A new month and a new moon - the Moon of the Long Night. My adoptive home of Frome traditionally greets the solstice season with street festivities and a mass countdown to the ceremonial illumination-switching-on moment. The Extravaganza, as this was magnificently titled, centred around the big tree beside the market cross, with shops staying open late and plying mincepies mulled wine and chocolates as well as their trades. We had carols, bellringers, bands... ah, the good times rolled. Last year, presumably responding to a directive from Brussells, the tree was surrounded by an iron fence Michael Eavis might envied, and local youths naturally rallied to the challenge. So this year there is no tree in the market place. Instead we had a Sunday market in the Cheese & Grain and sporadic santa-related activity in the precinct with sound effects from a radio van and a merry-go-round. Not quite what Strictly judge Len would call a smorgsbord of gorgeousness, but with quaint charm, especially the Christmas fairies dispensing snow from Siberia.

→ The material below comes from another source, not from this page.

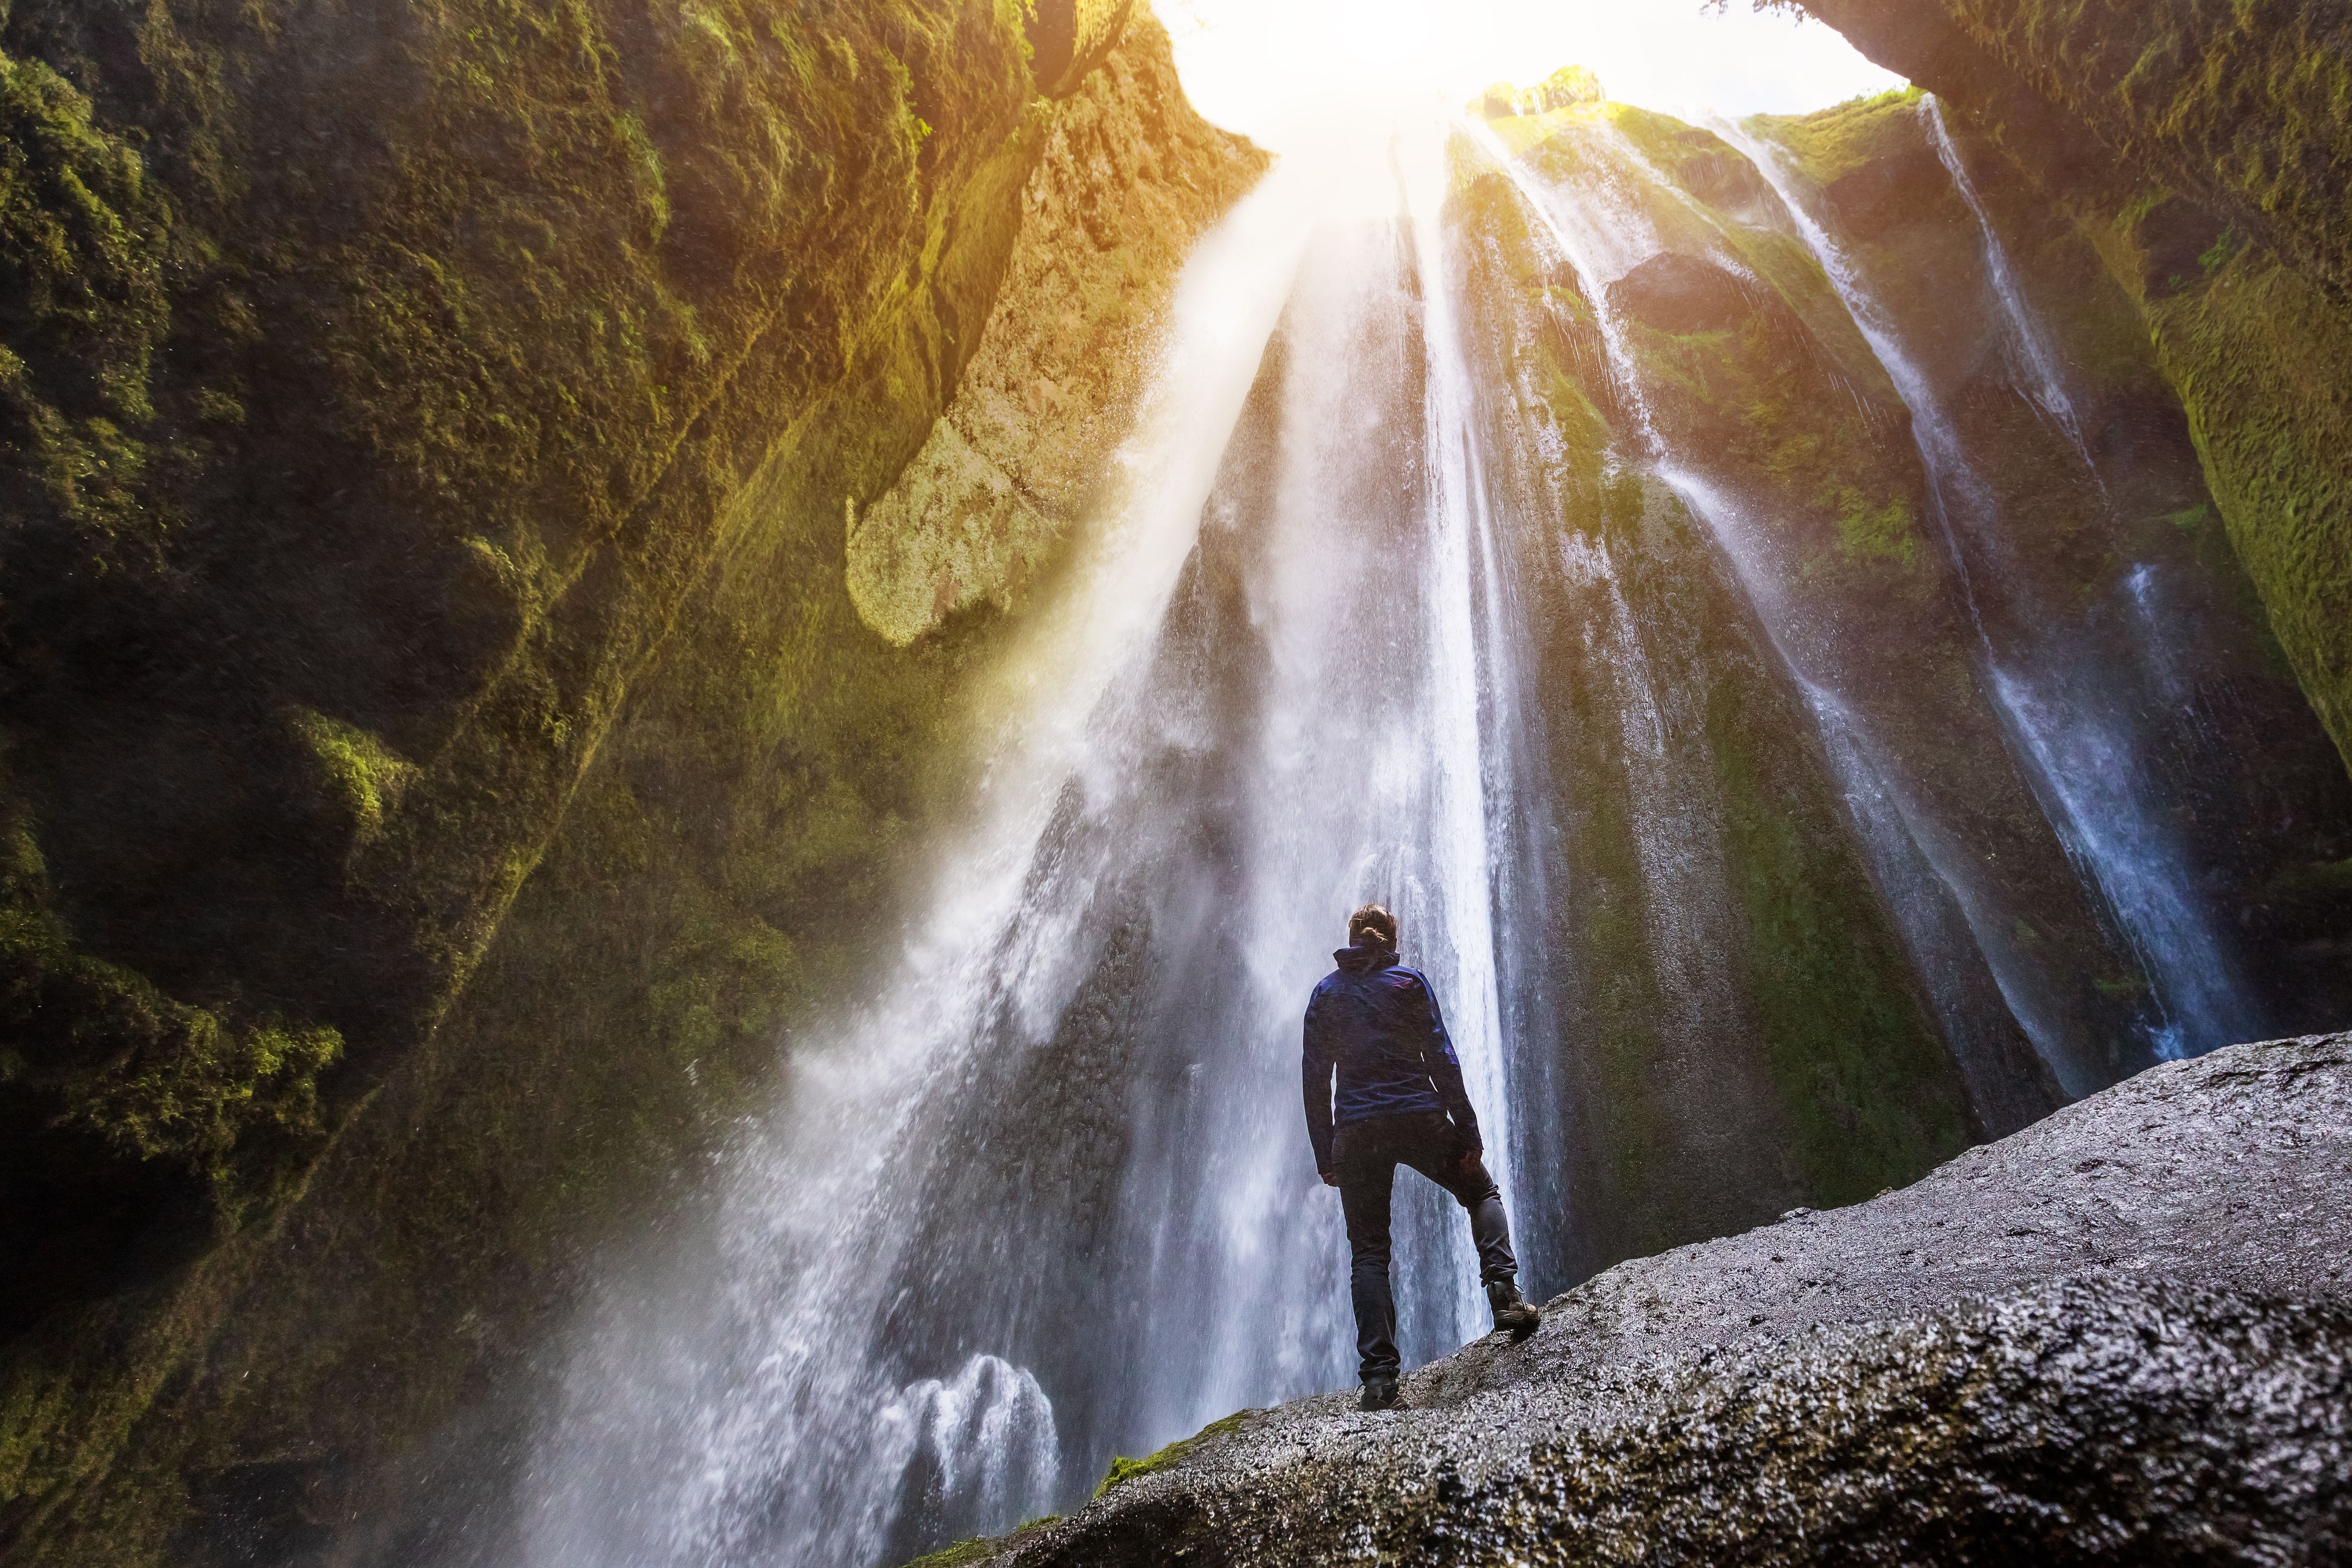 Gljufrabui waterfall, Iceland

"Christmas decorations are a kind of defiance" Rose Flint suggested in her poetry workshop at the library, "Awareness of the night sky is deep in the human psyche. We're bringing the stars inside, and helping the light to return." We wrote about snow, and glitter, and stars, shaping constellations like gods. Winter glitz for wintry glums.

The Poetry Cafe was crowded for "Difficult Journeys" and we had to clear the window sills when we ran out of room for chairs. The theme's tenuous connection with The Wizard of Oz, the pantomime at the Merlin, was largely ignored by guest poets Rose Flint and Malinda Kennedy and 19 open-mic contributors who opted for more personal interpretations.
It always inspires a sense of privilege when writers share intimate feelings, and there were some glittering gems.
Dianne Penny's beautifully-performed poem was a favourite for me: I never knew I had the right to speak... listen, listen, listen... Paula as theatre director picked out many for special praise and donated prizes, with Linda Perry and Rosie Jackson agreed as worthy winners of the theatre tickets.